電子コミック

 塾って、学校と違って友達ができない。


「高校一年生の夏ってそんなに勉強必要なの?」ってお母さんに抗議したんだよ。

 けど、「いいから行っておきなさい!」って無理やり突っ込まれたんだよ。


 もしかしたら、そんな子が多いのかもしれない。

 授業中は私語厳禁。そのルールが守られてしゃべる人は誰もいない。学校だったら、少しくらいおしゃべりするものなんだけどね。


 塾講師の授業は、淡々と進められていく。

 学校の先生と違って、試験ではどこが出やすいかっていうところをストレートに教えてくれて、要点がまとまっている。


 集中して聞いていると、終業のチャイムが鳴った。

 ちょうど今日の範囲が終わったらしく、講師も説明を終えた。


「はい。それでは、本日はここまでです」


 講師はそう言うと、ベルトコンベアーが動くようにスーッと教室を出ていった。


 授業後の生徒たちも、特に周りと話すことなく教室を後にしていく。みんなそれぞれ個人で行動しているみたい。私も一人で教室を後にした。

 塾も学校と同じで、授業ごとに教室が違っている。夏期講習だろうと、それは同じこと。

 私は次の授業がある教室を目指した。



 次の授業の教室に入ると、人が多くて空いている席が少なかった。しょうがないので、誰かの隣に座るしかない。

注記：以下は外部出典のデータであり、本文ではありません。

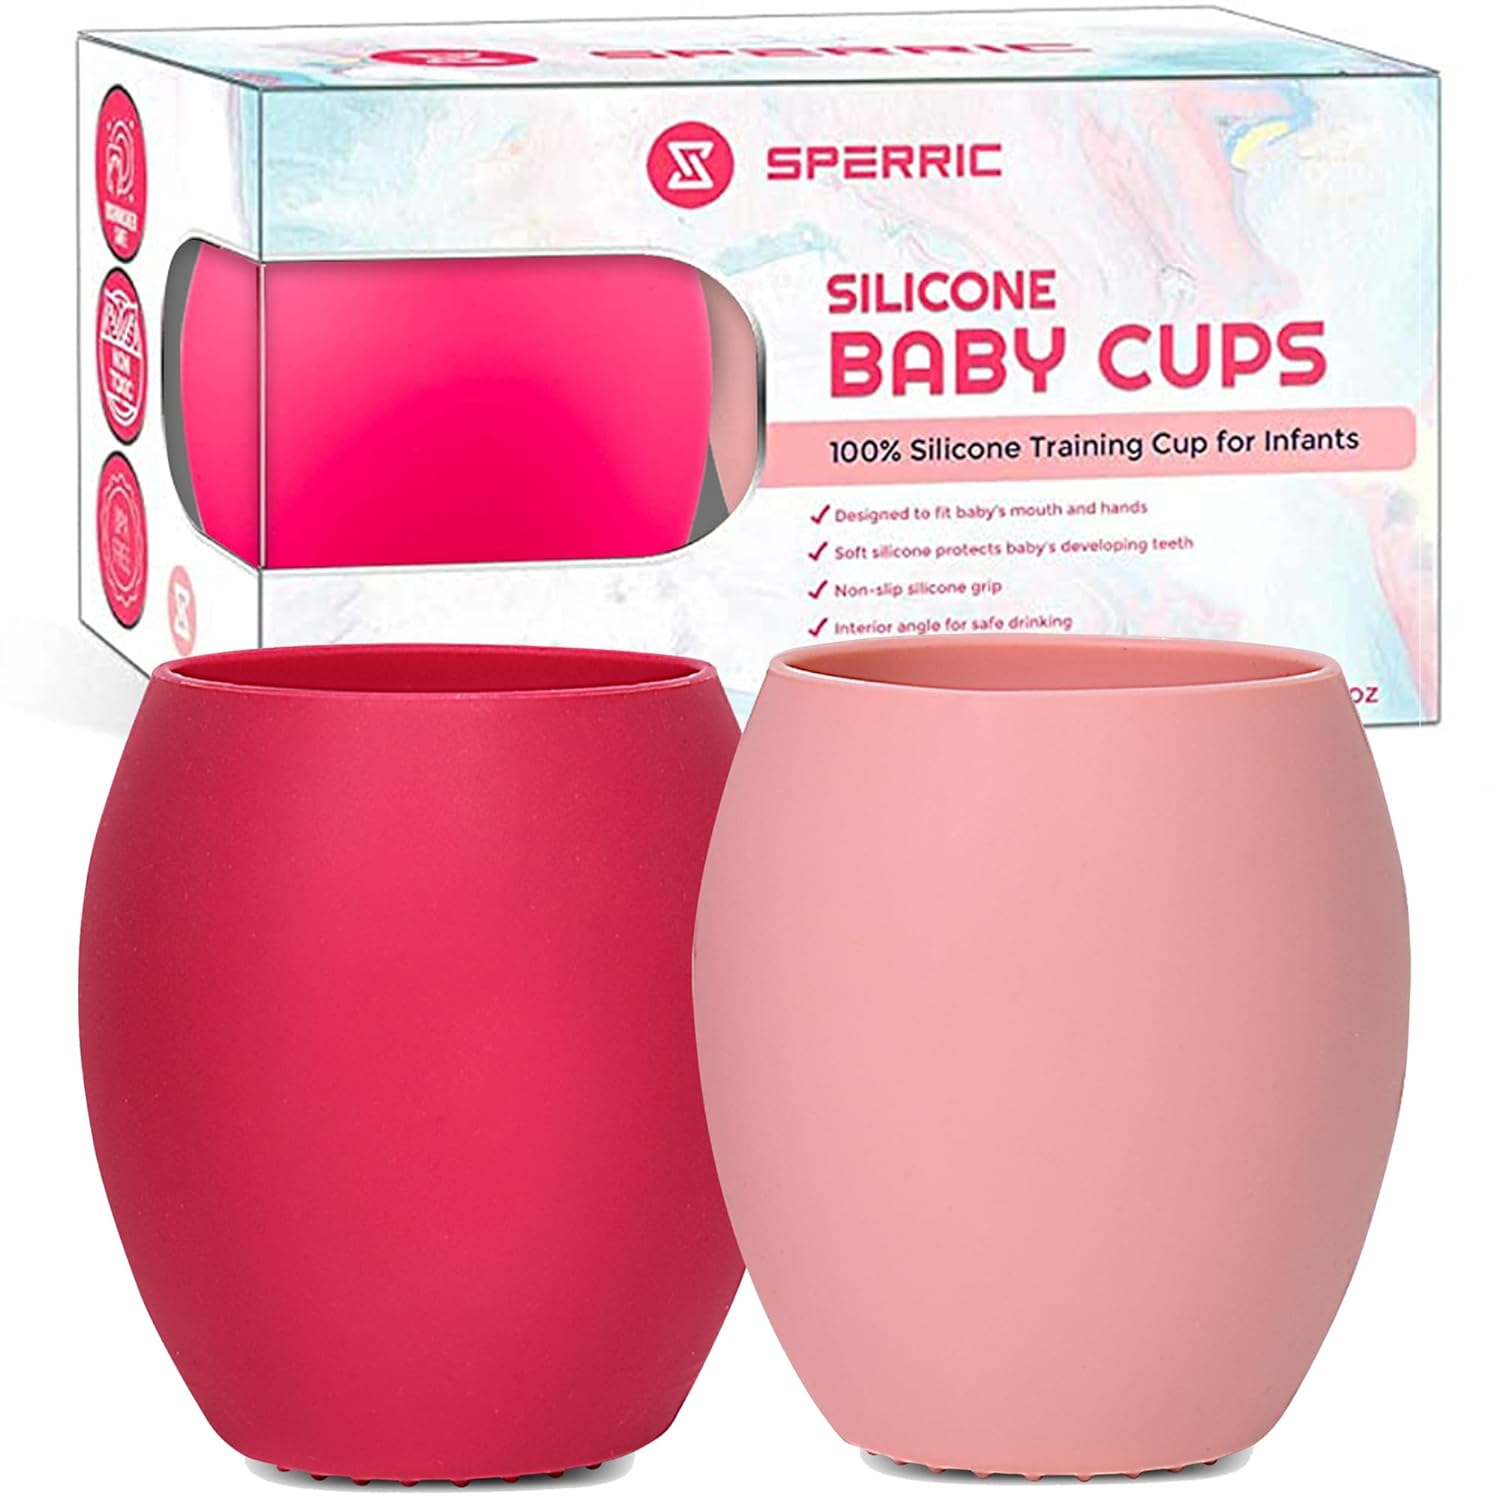 Silicone Baby Cup - Toddler Training Cup - Open Cup for Baby Led Weaning 2 Pack of No Spill Sippy Baby Cups - Soft & Gentle on Gums BPA Free Silicone Baby Cups

 結局、誰とも話さないから、どこの席に座っても良いけれど。

 見知った女の子の顔が見えた。その子に気を取られていたら、吸い寄せられるようにその子の隣の席へと座ってしまった。

 特に何を期待していたわけじゃないけれどもね。


 名前も知らない女の子だけど、毎日会っている子。

 席に座ると、こちらに気づいたのか会釈をしてきた。私も会釈し返す。



 夏期講習で毎日会うことがあっても、友達になるってことはなかなかない。

 相手に対して、悪い印象はなくとも、近づくことも無く一定の距離を保つようになる。

 こうやって大人になって、友達っていう存在が減っていくのかな。


 そういうものだよね。

 私も大人の仲間入りかもな。

 そう思いながら、いつも通りスマホで暇つぶしの電子コミックを読む。


 いつもと違ったのはその後だった。

 隣の子が、なんだか興味あり気にこちらに顔を近づけてくると、話しかけてきた。


「電子コミックですか? 何が好きなんですか?」


 突然話しかけられたものだから、慌てて画面を消してしまった。

 別にやましい者なんて呼んでいなかったけれども。


「あ、えっと、異世界転生する話が面白いなって……」

「そうですの! 私と同じですね。私もですね、異世界ファンタジーが好きでですね」


 今まで話したことなかったけれども、電子コミックがそんなに好きだったんだろうか。

 私が色々答える前に、語ってくれた。その中に、私が今読んでいたコミックも入っていた。